September 4, 2002


There’s going to be stuff scattered around the world of my IRC-based MUD, and I need a way to represent that stuff. Here’s the system I use:

The game has a set of base objects, which the system understands by default. This includes objects like doors, weapons, and containers (chests and bags). These objects each have a few basic attributes, like a description (“It’s a door.”).

In addition to the base objects, I have a file that defines a bunch of objects which inherit from other objects. So, for example, I have a chest object which inherits all the attributes of a “container” object, and adds more attributes, such as “weight,” and changes some of the attributes, such as the description (“It’s a chest.”).

So, with this system, you can define very specific object types that piggy-back on existing objects, so that you don’t have to define every little detail of every object.

This is made even more interesting by the fact that there are two kinds of attributes: normal attributes and player-modifiable attributes. Player-modifiable attributes can be changed by players. One example of this would be a “locked” attribute on a chest. The player can lock or unlock the chest at will.

Each room can have an object file defined for that room, which lists the objects stored in that room. If the object has any player-modifiable attributes, those attributes are listed in the object file, with their current state, so that players can modify that individual object without modifying either the original object definition or any other objects of the same type that are lying around the world.

So, a room description might look something like this:

On the floor is a chest, a knife, and a small amulet.

But there are some complexities here. For example, what if there are things in the chest? Well, first off, the chest has to be opened, and then the room would have to be described something like this:

On the floor is a chest (which contains a book and a scroll), a knife, and a small amulet.

This also means that, if someone tries to pick up the chest, they’ll have to get the scroll and the book along with it, and they will have to stay inside the chest when they’re moved.

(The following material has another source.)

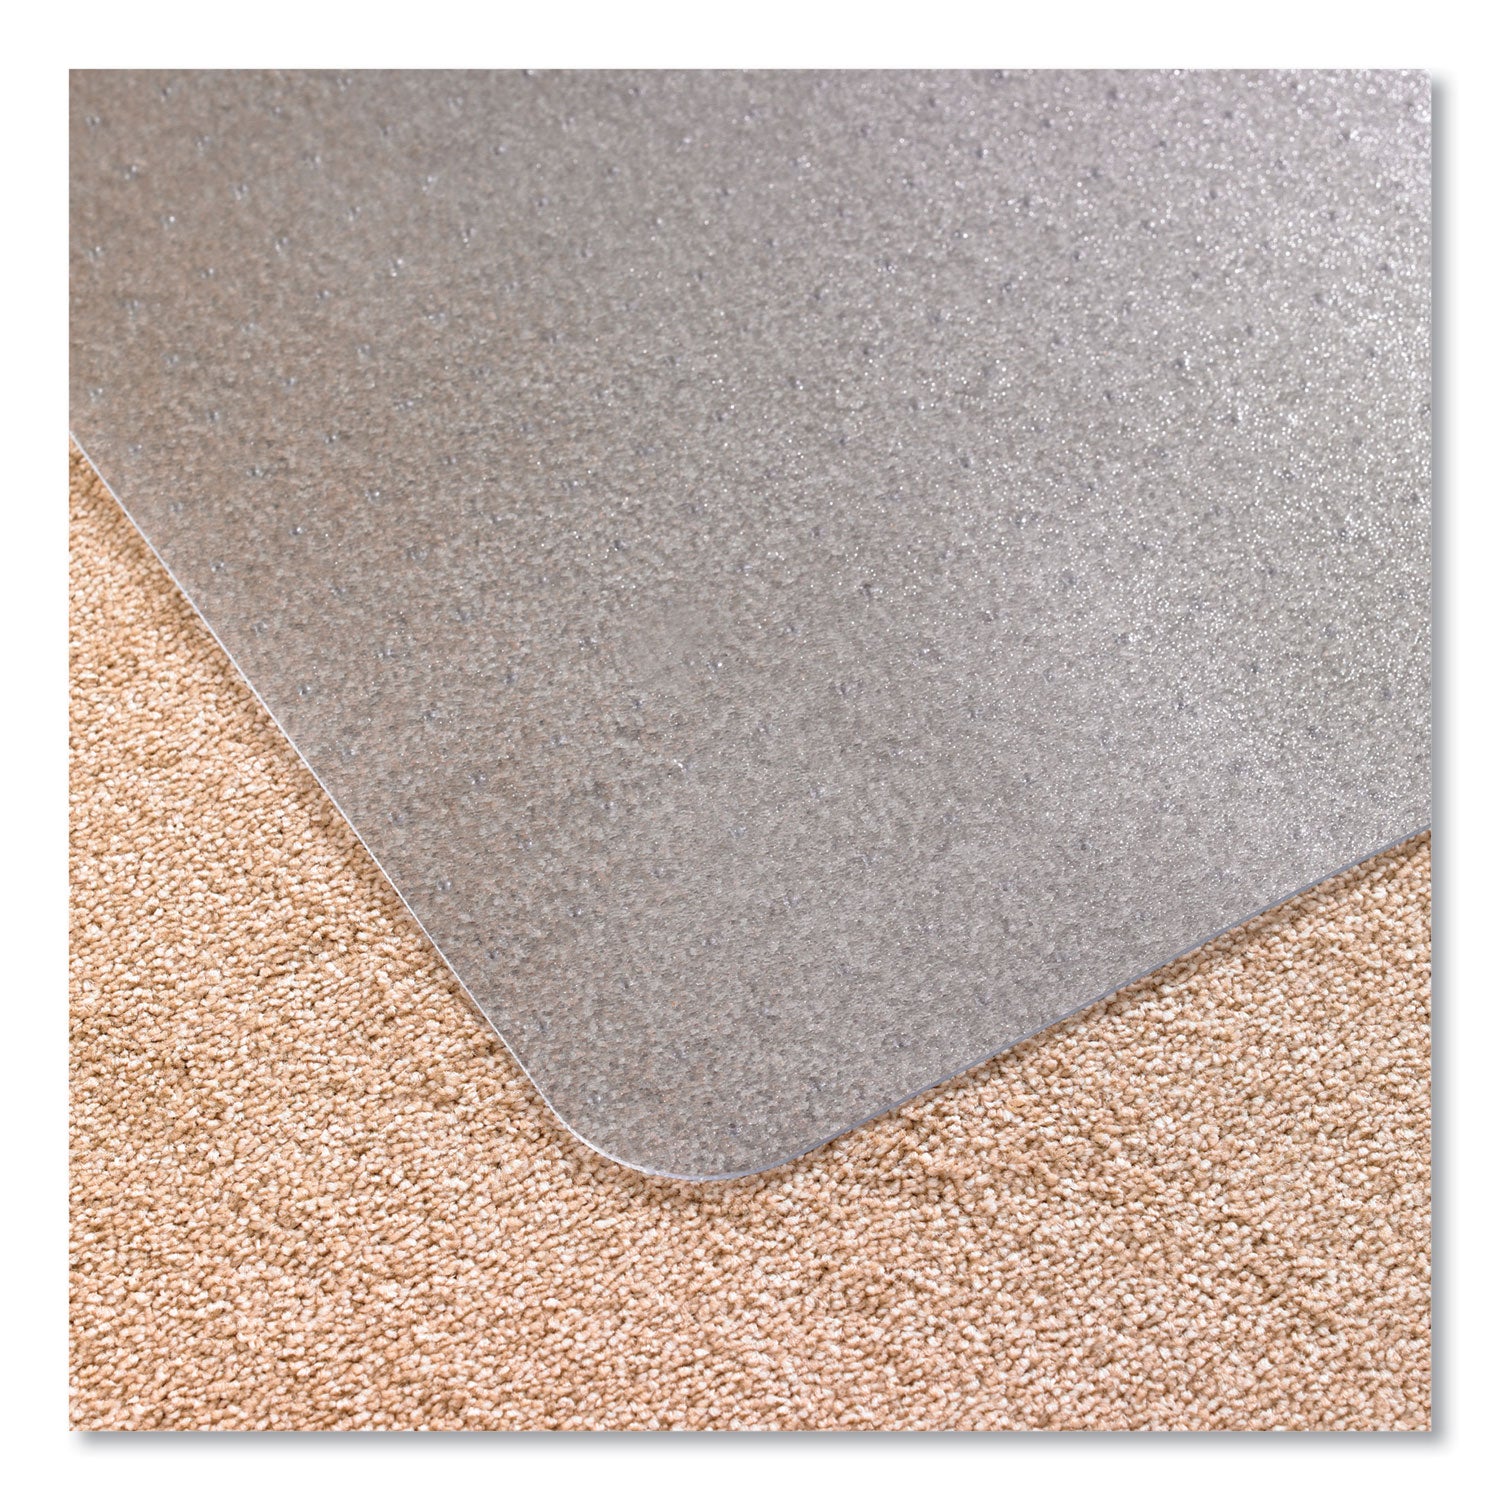 Cleartex Advantagemat Phthalate Free PVC Chair Mat for Low Pile Carpet, 48 x 36, Clear - 
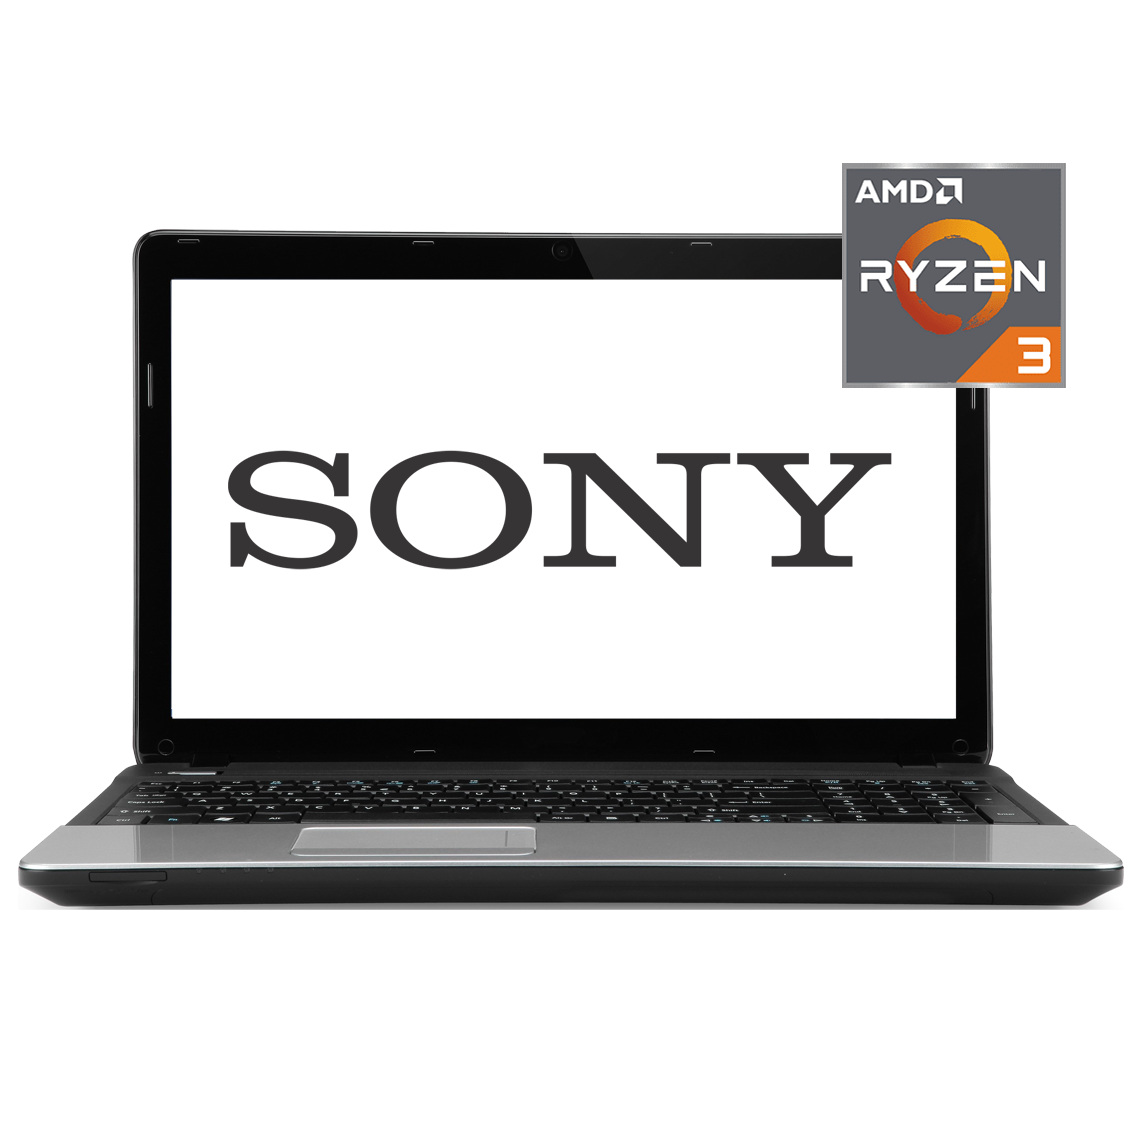 Sony - 17.3 inch AMD Ryzen 3

That can be tricky.

Moreover, a container can have other containers inside it, which can lead to complex situations like this:

On the floor is a chest (which contains a book and a jar (which contains a sack (which contains a brooch), a scroll, and a torch)), a knife, and a small amulet.

Also, it should be possible to have more than one object of the same type in a room, like so:

On the floor is a chest, a knife, a knife, and a small amulet.

So, what if the player wants to pick up the second knife in the room? I’ll have to implement “first,” “second,” “third,” etc. keywords, like so:

! get second knife

This is actually not too difficult, as the system can notice and keep track of each duplicate using numbers for each duplicate (the original is #1, the first duplicate is #2, etc.), then if the player specifies “first,” “second,” “third,” etc., the system will translate that into a number (“first” = 1, “second” = 2, “third” = 3), and go to that object in the list of duplicates.

In other words, just sensibly implementing objects can be an amazingly intricate operation.

I haven’t finished it yet, but I want to mention a really interesting book I started reading this week: Tears of the Giraffe by R. A. McCall Smith. It’s set in modern-day Africa, but it’s not about racism or genocide or starvation. It’s about Africa as a place where people live. They get married, they have children, and they go about their lives. It’s wonderfully refreshing. The book’s written in a style not unlike that of a children’s book — direct and unassuming — but I believe it’s a detective story. Highly recommended.